Task details:
Exactly as they appear, retype the lines from the one containing "水晶石技法-3ds_Max&VRay室内空间表现_水晶石" through the final line of the data below. Leave pictures out.

Recorded data:
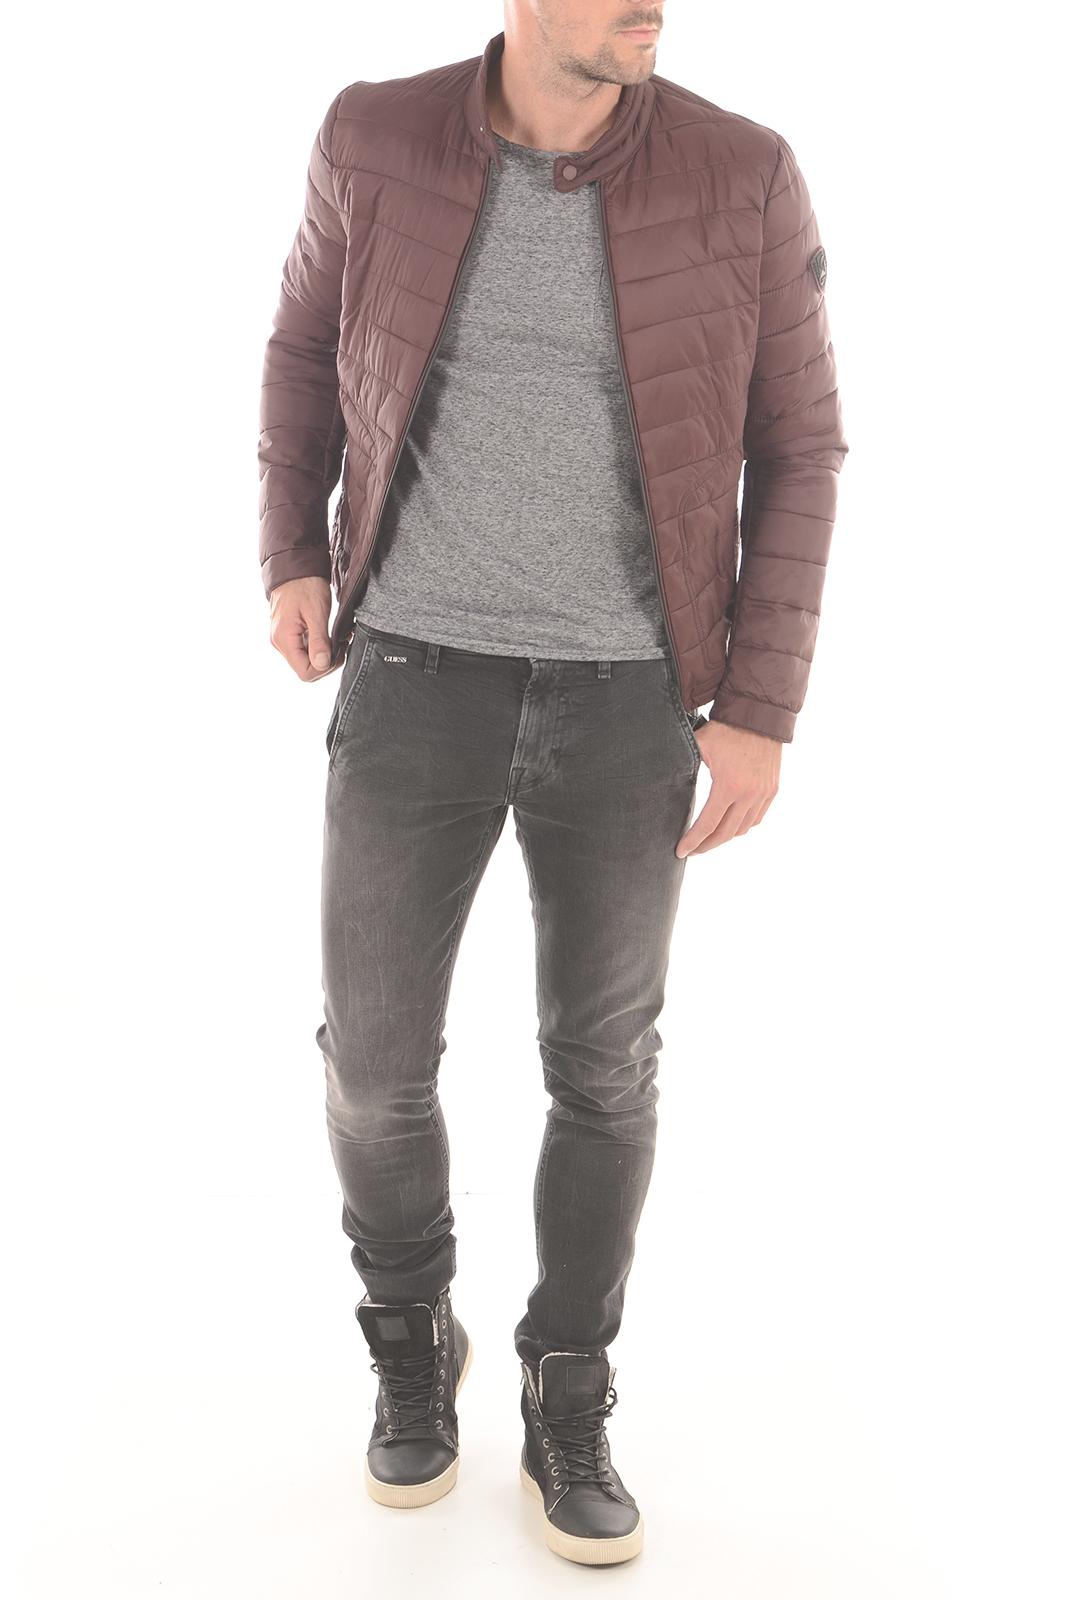 Tee-shirts  Guess jeans M63P47K4SJ0 H098 GRIS
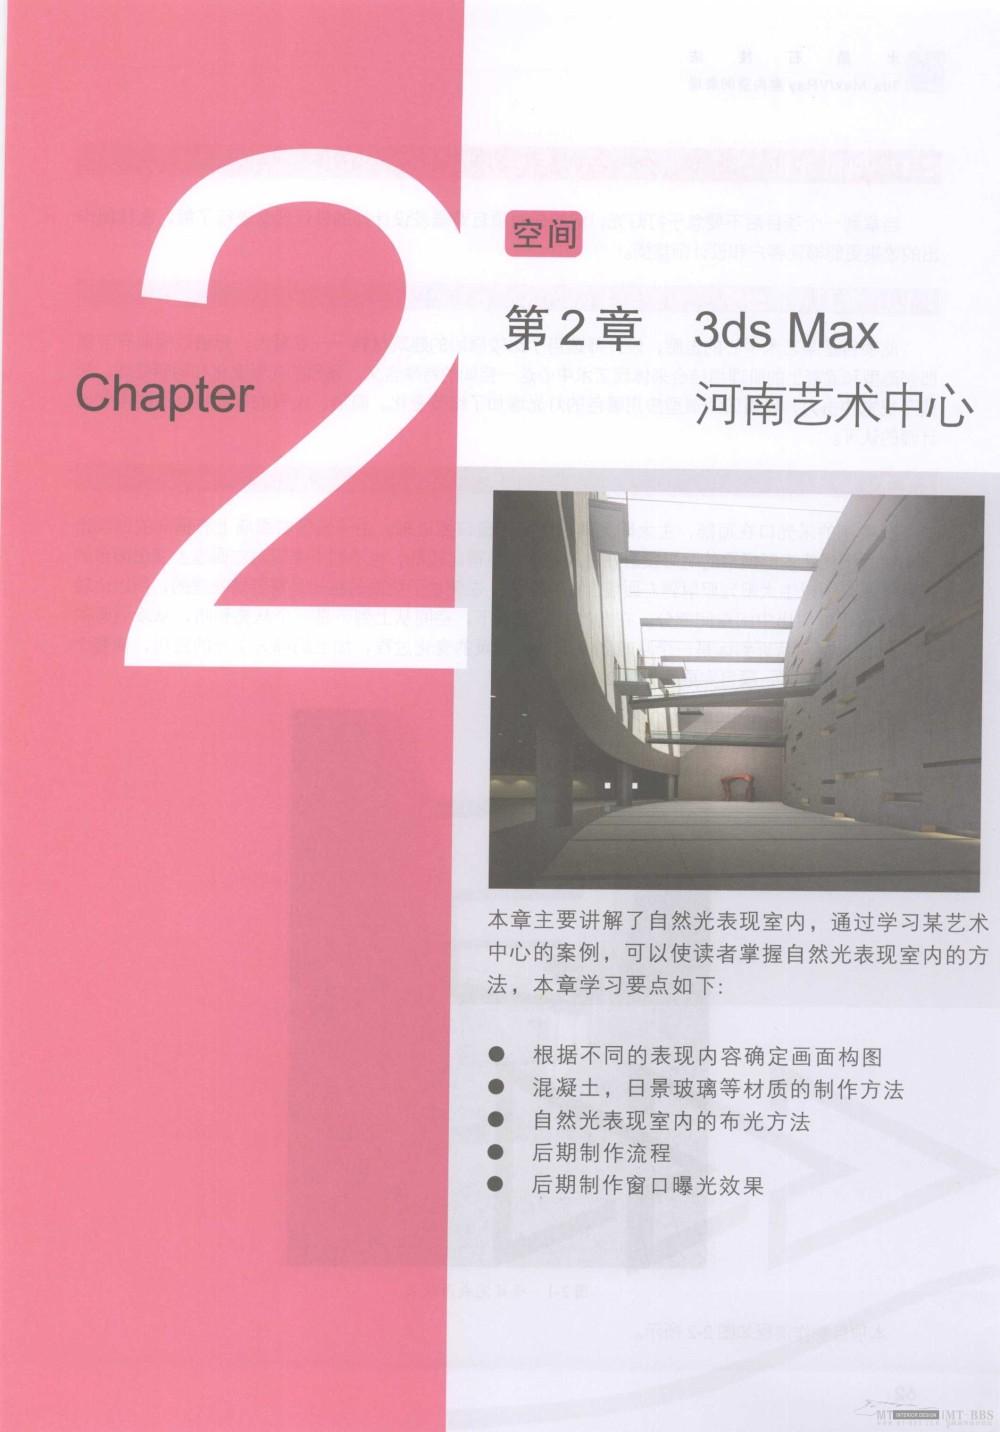 水晶石技法-3ds_Max&VRay室内空间表现_水晶石技法-3ds_Max&VRay室内空间表现_页面_067.jpg
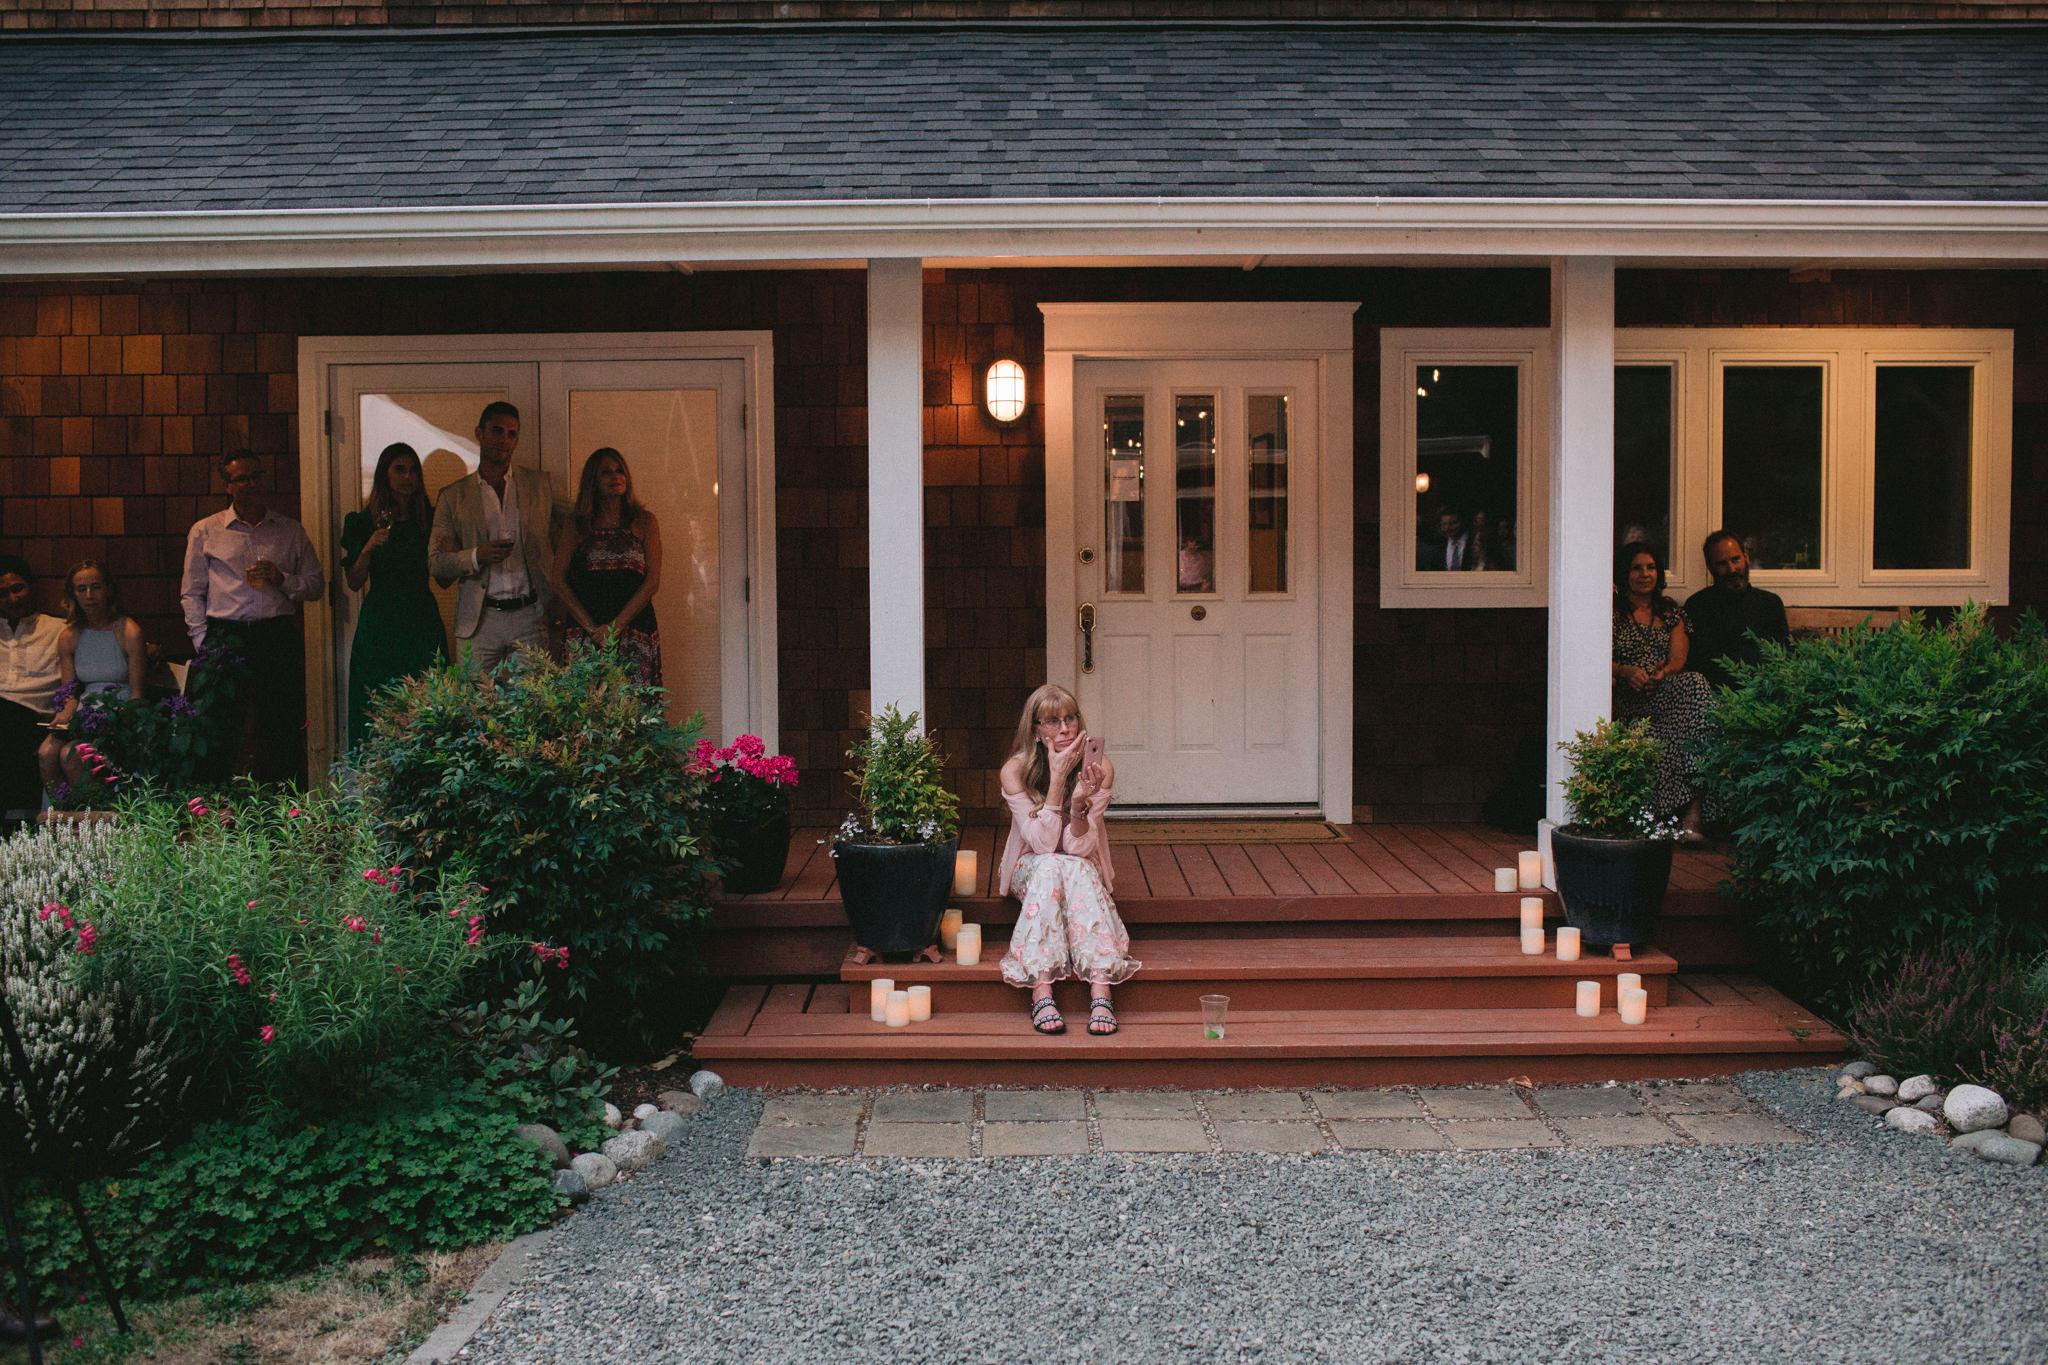 Backyard-Bainbridge-Island-Wedding-Alycia-Lovell-Photography-201.JPG
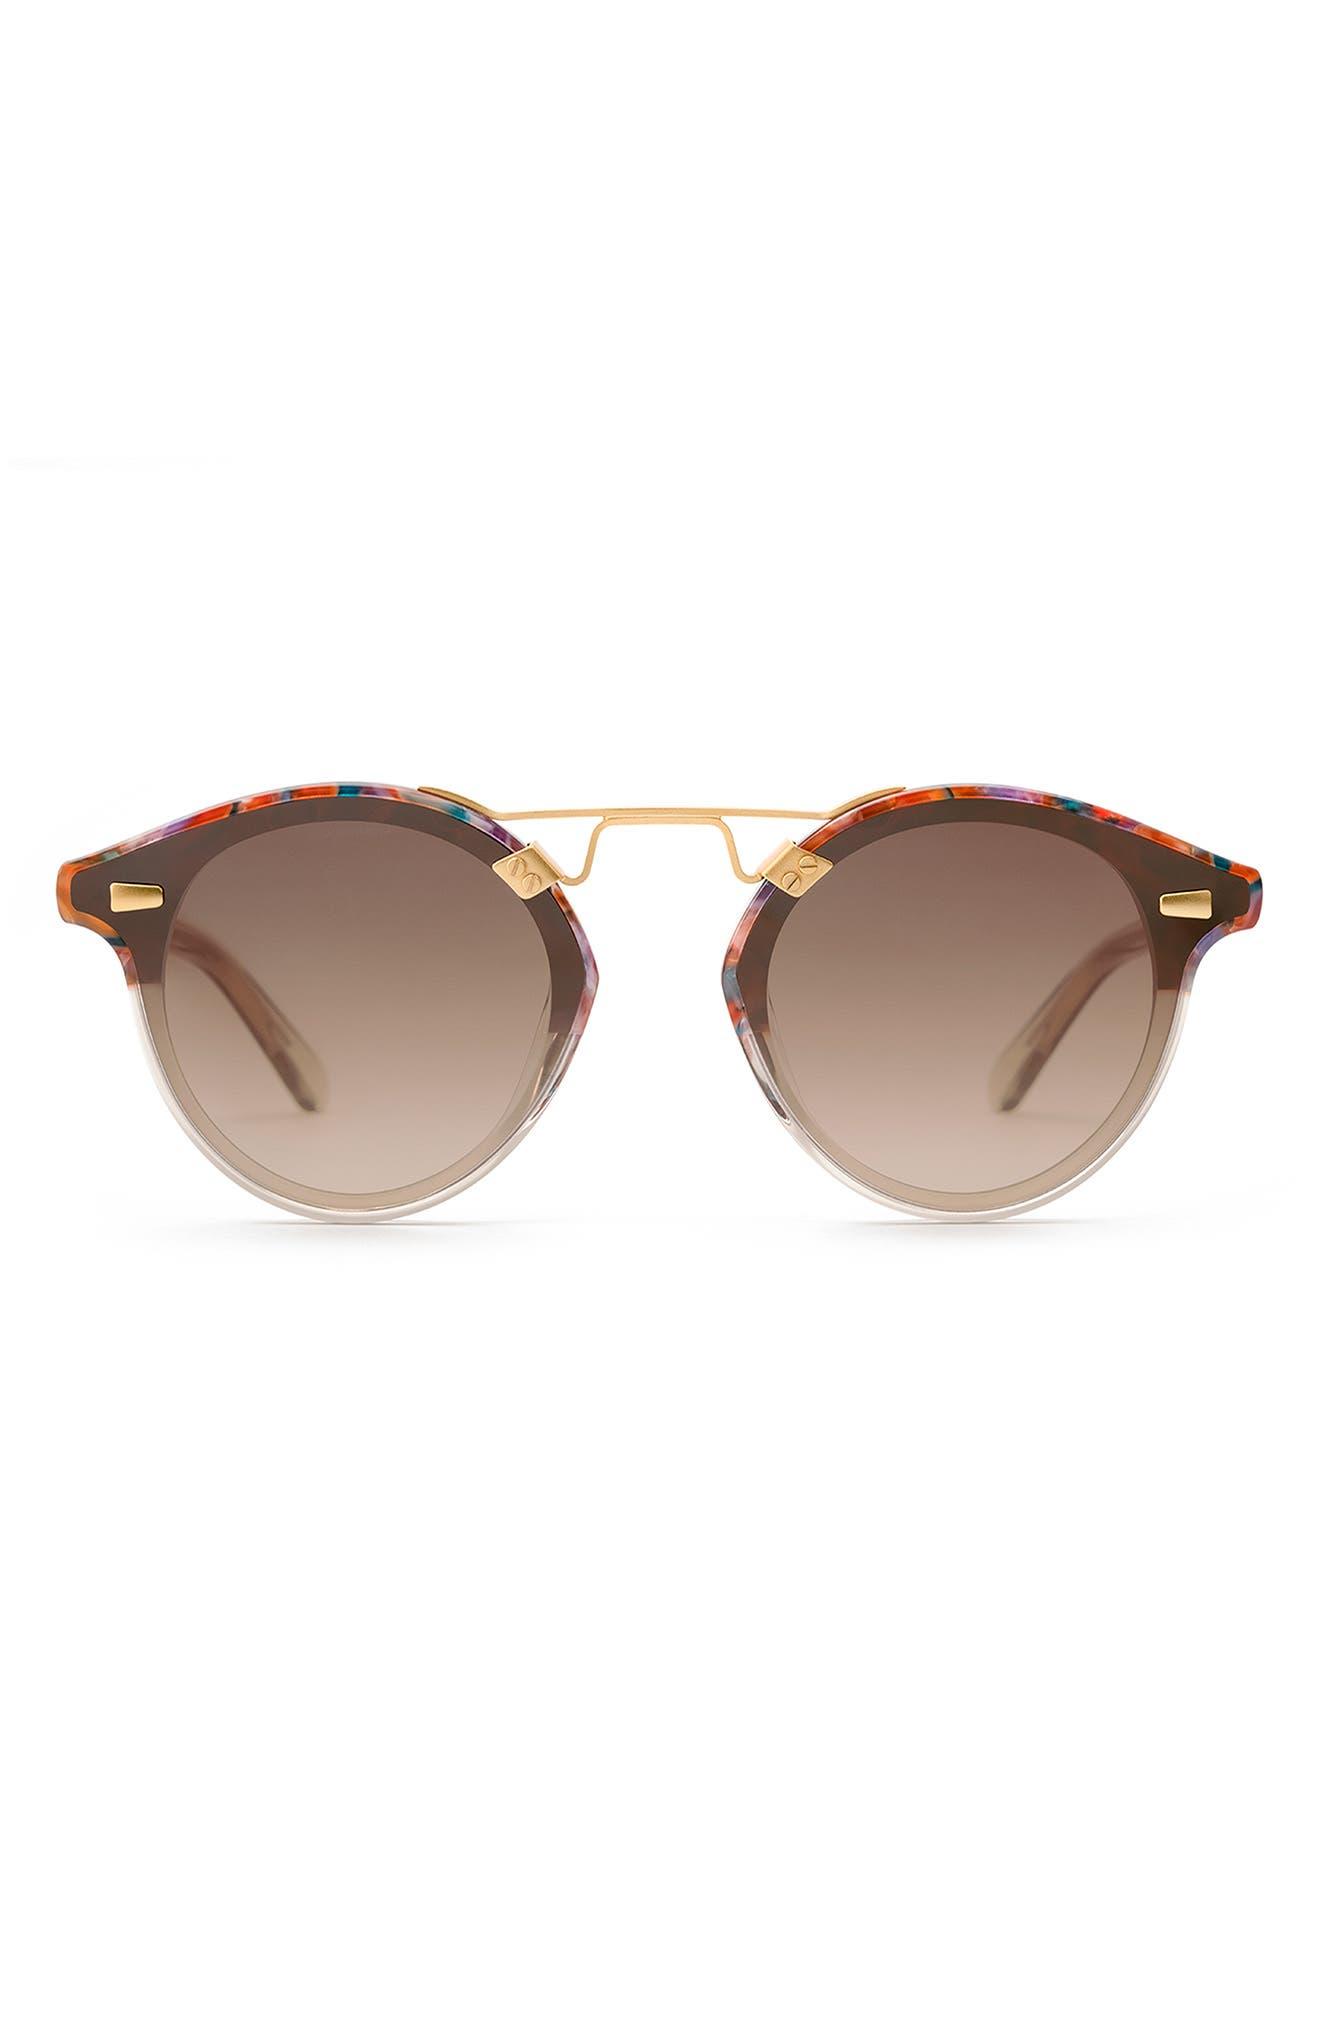 Stl 63mm Round Sunglasses

Answer space:
 水晶石技法-3ds_Max&VRay室内空间表现_水晶石技法-3ds_Max&VRay室内空间表现_页面_067.jpg
 Backyard-Bainbridge-Island-Wedding-Alycia-Lovell-Photography-201.JPG
 Stl 63mm Round Sunglasses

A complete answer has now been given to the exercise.